Oil shock: Analysts paint gloomy future for the Nigerian economy as Afrinvest emphasises Naira devaluation
Analysts have painted a gloomy future for Nigeria’s economy due to the recent oil shock that is expected to curtail government capacity. Oil prices sharply moderated 46.8% year to date to $36.3 barrel per litre (bbl) today, the lowest level in over four years.
Analysts at Afrinvest noted that a price level below $60.0/bbl. would have a negative impact on Nigeria’s external and fiscal balance.
“Our worst fears have been confirmed at the current oil price, reflecting the double salvo of weak oil demand due to COVID-19 and expanding oil supply due to the collapse of OPEC+.

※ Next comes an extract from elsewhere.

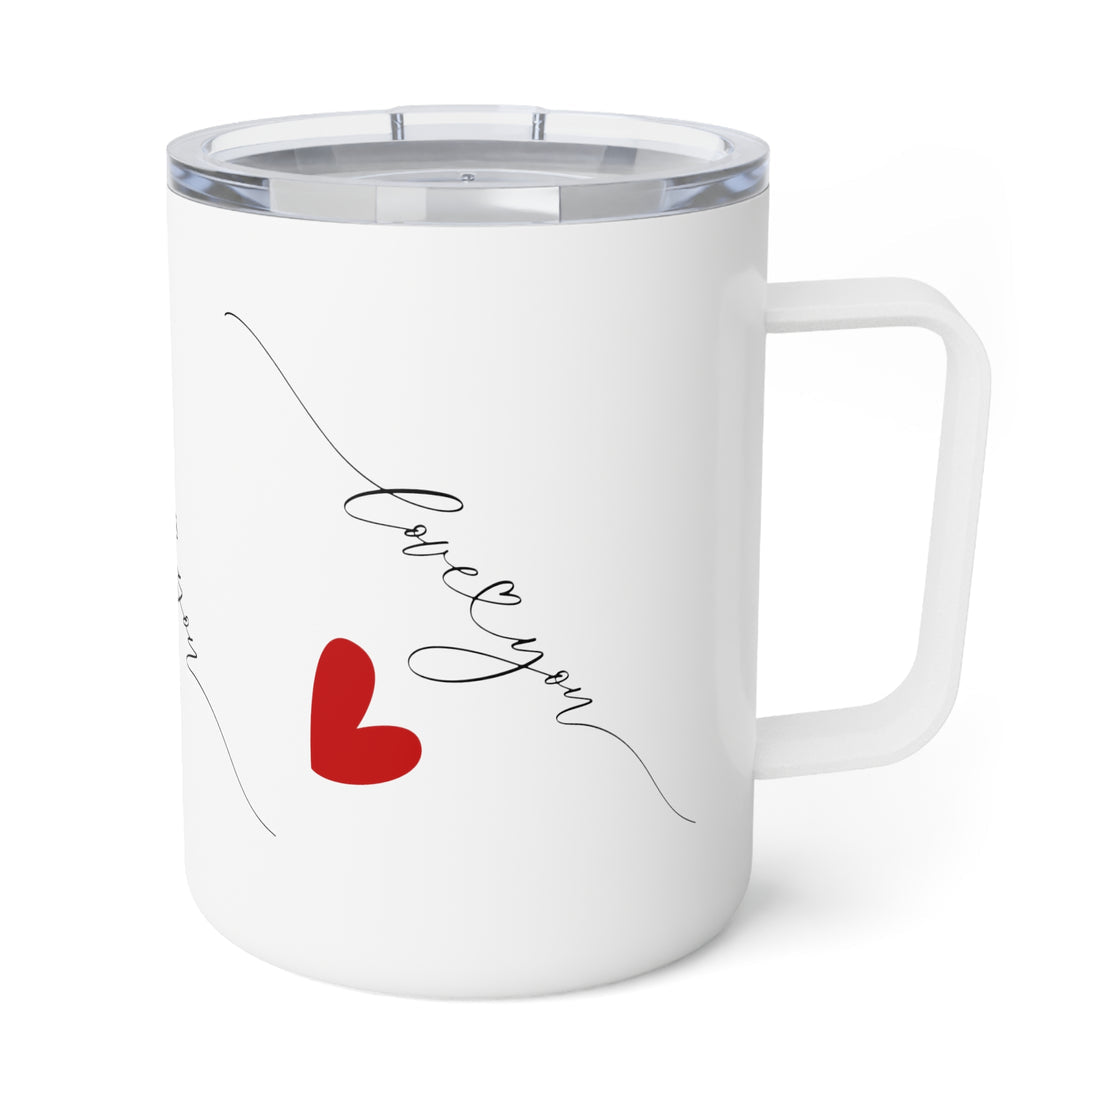 Love You Insulated Travel Coffee Mugs for Valentine's Day, 10 oz

“The decision of OPEC+ to remove its support for prices by shunning the proposed 1.5mb/d and current 2.5mb/d cuts caused a sharp fall in oil price from $45.0/bbl. on Thursday to $36.0/bbl today”, Afrinvest remarked.
How will the FG Fund its Budget?
Afrinvest held the risk of poor implementation is now higher for the 2020 budget despite its pessimistic outlook earlier in the year.
It recalled that the FG plans to spend a record N10.6 trillion, with 76.7% financed through revenues and the balance from borrowing.
“Since 2015, the FG has lacked the earnings to support its spending profile and we captured this in our projected 43.9% underperformance for 2020.
“With oil price below budget assumption of $57.0/bbl., we estimate a revenue shortfall of 55.1%”, Afrinvest stated.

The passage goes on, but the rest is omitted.